PAPP102 - S08: Internal evaluation of demographic data

Random error

From the typology introduced on the previous page, we can see that random error, which affects the precision of our estimates, can arise from both measurement and statistical error.

In general, demographers do not concern themselves overly with random measurement error. In a census, for example, much of the data collected are not validated internally for consistency – a respondent may declare whether their house has piped water or not, but this information is not verified in any way. With other variables collected in a census, a limited degree of verification is possible. For example, if data are collected on a subject’s age and date of birth, these two pieces of information may be evaluated for consistency at a data processing stage. Likewise, a woman’s reports of the number of children surviving and number of children dead may be juxtaposed against her report of the total number of children to whom she reports having given birth.

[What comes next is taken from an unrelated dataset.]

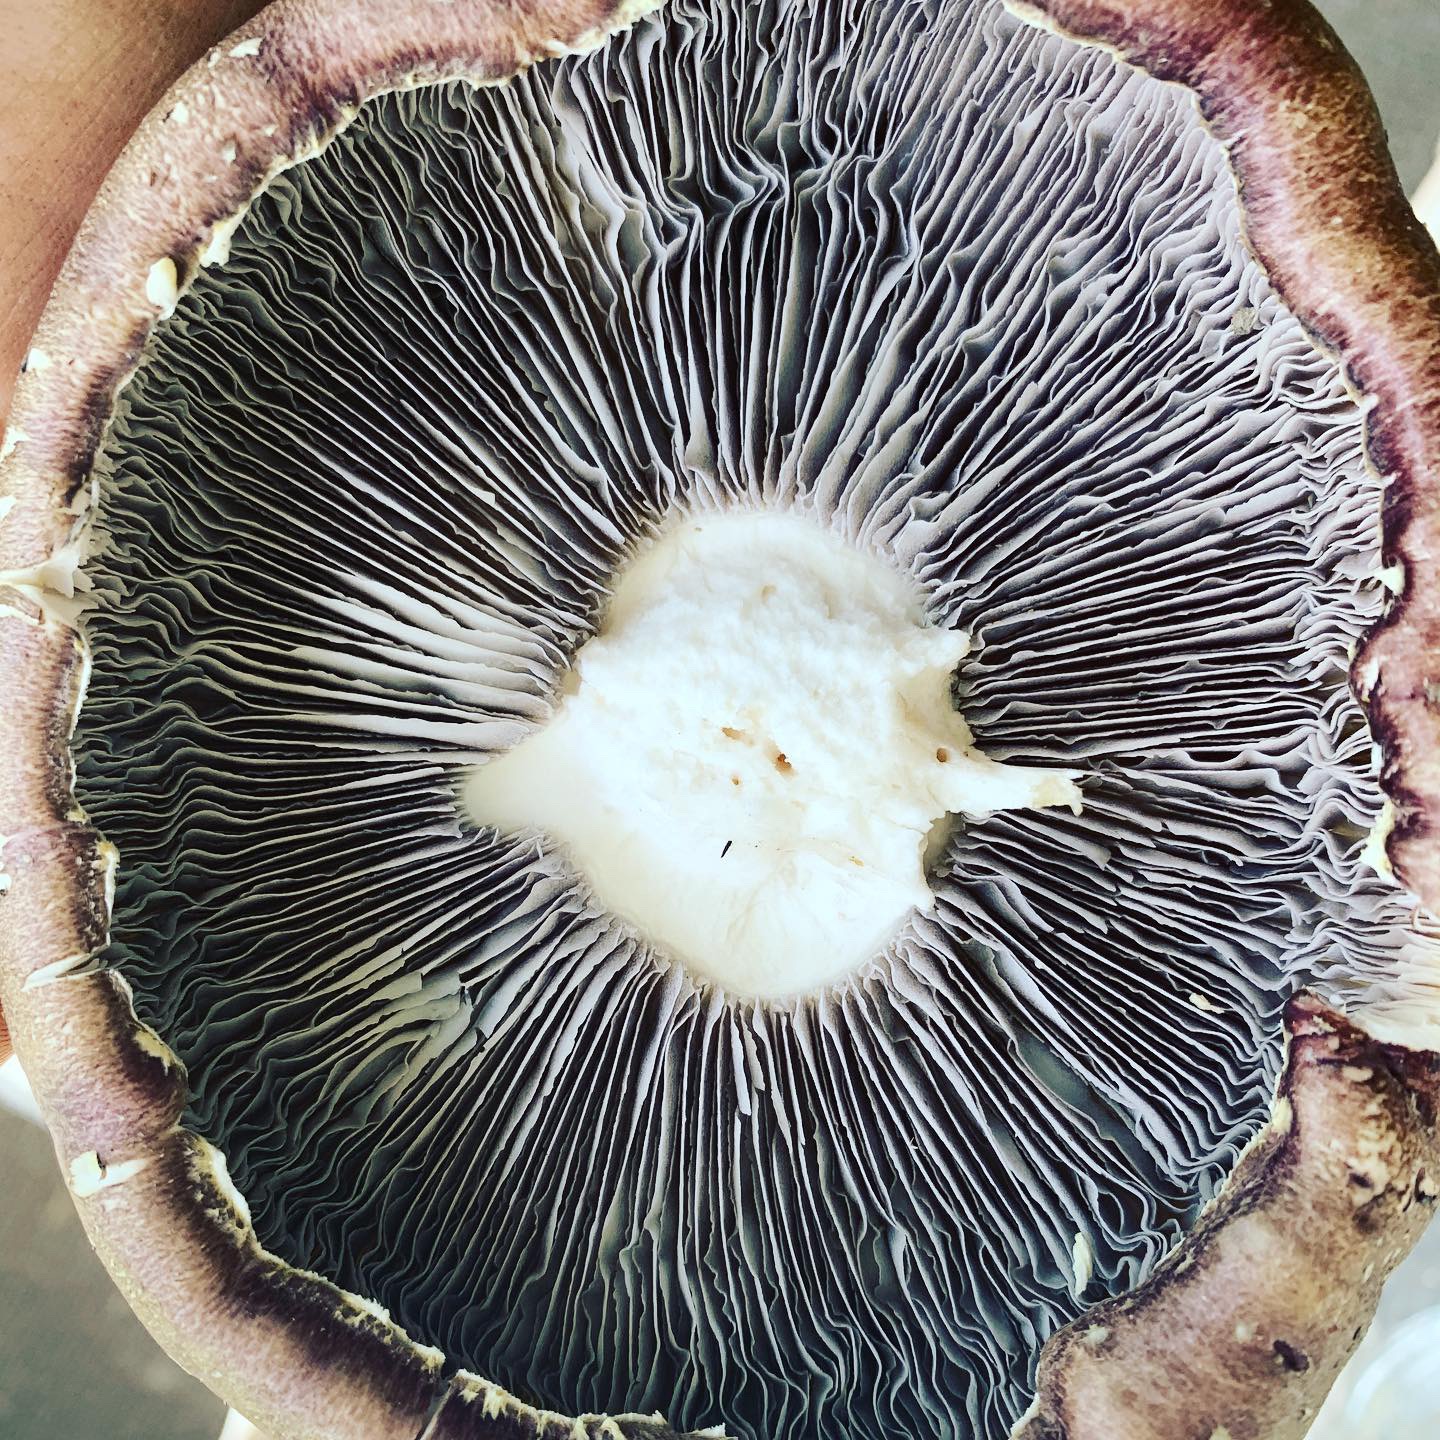 Wine cap mushroom

In a Demographic and Health Survey (or in other surveys where much more time is allocated to collecting information from each respondent than in a census), a greater degree of verification is possible. Where anthropometric data are collected for example, subjects may be weighed or the heights measured twice, and the result only accepted if the two results are deemed sufficiently close – for example, the two measures of height are consistent to within 2cm, or weight to within 1 kg.

Random sampling error (‘statistical error’), which bears directly on the external validity of the results, is afforded much greater attention in demographic work. Errors of this kind can be attenuated by means of using larger samples (which reduces the variation in the estimates, albeit with an increased cost of conducting the survey because more subjects need to be sampled), and is explicitly accommodated in the standard practice of statistical inference and analysis. As has been noted in an earlier session , the costs of running a survey are roughly proportional to the size of the survey, but the gain in precision increases only with the square root of the sample size. Thus, doubling the size of a survey from 1 000 to 2 000 respondents would cost roughly twice (i.e. 100 per cent) as much, but the gain in precision would be only approximately 40 per cent $(=√{2000/1000} = √2 = 1.41)$